Table partitioning types - Postgres Stories

Jarosław Kowalewski
Ruby Developer

In this article, I'll provide a quick recap on the types of partitioning available in PostgreSQL. I will cover the basics, including creating partitioned tables from scratch, which is, let’s be honest, almost never the case. Usually partitioning comes to the table when data set is already overloaded and performance issues need to be fixed by it. I will cover such case in another article, but it is nice to have some background before diving deeper into the topic.

Different ways of partitioning

Before PostgreSQL 10 was released, there was no native support for partitioned tables.The process was managed by using inheritance and creating child tables. Triggers were used to insert data into these child tables. Version 10 introduced native support for a feature known as Declarative Partitioning, which allows partitioning by range and value (also known as list partitioning). PostgreSQL 11 expanded this feature by adding the ability to partition by hash.

Range partitioning

Range partitioning divides data into segments based on a particular range of values in a column. It is especially beneficial for time-series data or any data with a natural order. Each partition corresponds to a unique range of values, and data within that range is stored in the respective partition.A good example of this is partitioning by the created_at column - here considered for users table:

CREATE TABLE IF NOT EXISTS public.users
(
    id bigint NOT NULL DEFAULT nextval('users_id_seq'::regclass),
    email character varying NOT NULL,
    first_name character varying,
    last_name character varying,
    username character varying NOT NULL,
    status integer DEFAULT 0,
    settings jsonb DEFAULT '{}'::jsonb,
    created_at timestamp(6) without time zone NOT NULL,
    updated_at timestamp(6) without time zone NOT NULL,
    CONSTRAINT users_pkey PRIMARY KEY (id)
) PARTITION BY RANGE(created_at);

Next, let’s create our partitions. Each partition's definition must specify bounds that match the partitioning method and partition key of the parent. To be clear - each range's bounds are inclusive at the start of range and exclusive at the end.

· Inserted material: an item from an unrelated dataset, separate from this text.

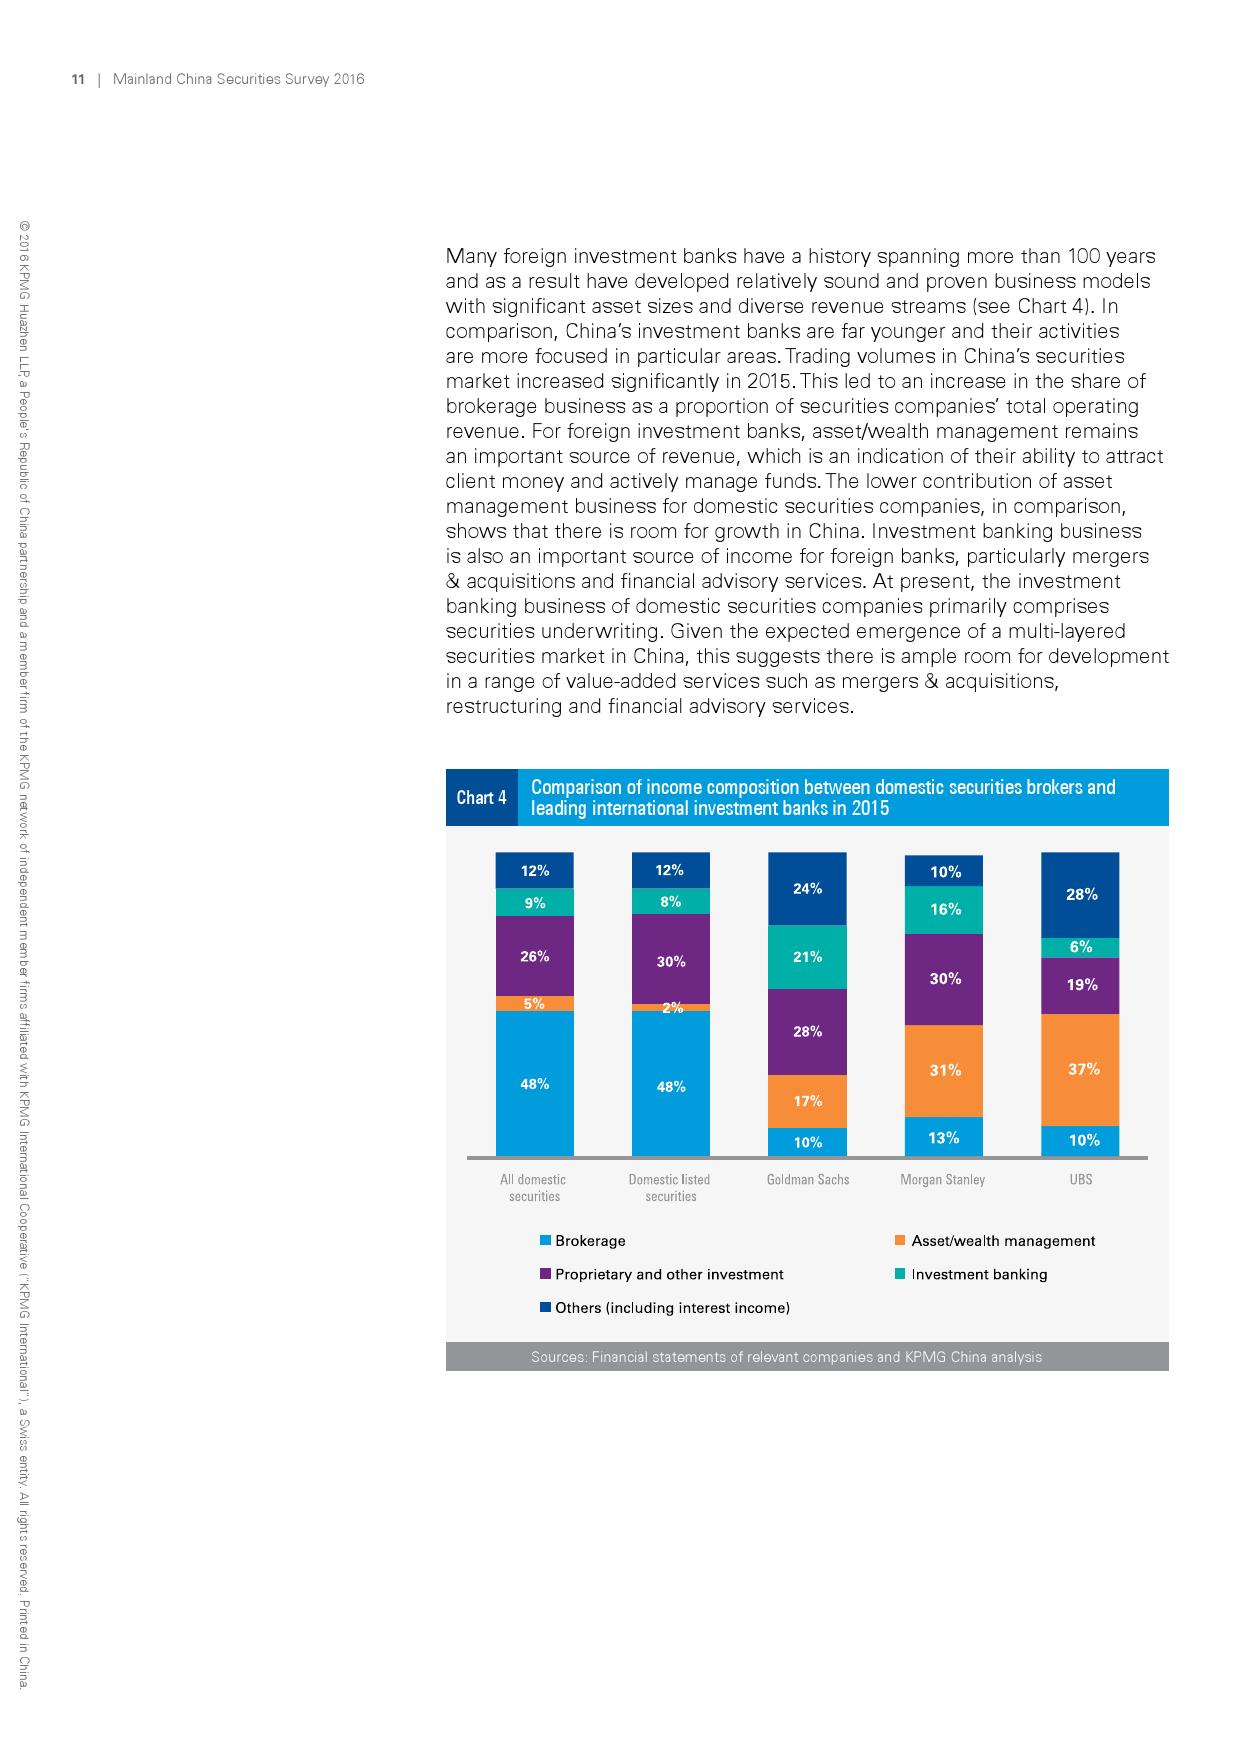 2016年中国证券业调查报告_000014

CREATE TABLE users_1 PARTITION OF users
    FOR VALUES FROM ('2024-01-01') TO ('2024-02-01');

CREATE TABLE users_2 PARTITION OF users
    FOR VALUES FROM ('2024-02-01') TO ('2024-03-01');

CREATE TABLE users_3 PARTITION OF users
    FOR VALUES FROM ('2024-03-01') TO ('2024-04-01');

Now, after adding a new user to the users table, it will be inserted into the appropriate partition according to its creation date.

If I attempt to create overlapping partitions, such as:

CREATE TABLE users_1 PARTITION OF users
    FOR VALUES FROM ('2024-01-01') TO ('2024-02-01');

CREATE TABLE users_2 PARTITION OF users
    FOR VALUES FROM ('2023-12-01') TO ('2024-02-01');

It will result in an error:

ERROR: partition "users_2" would overlap partition "users_1”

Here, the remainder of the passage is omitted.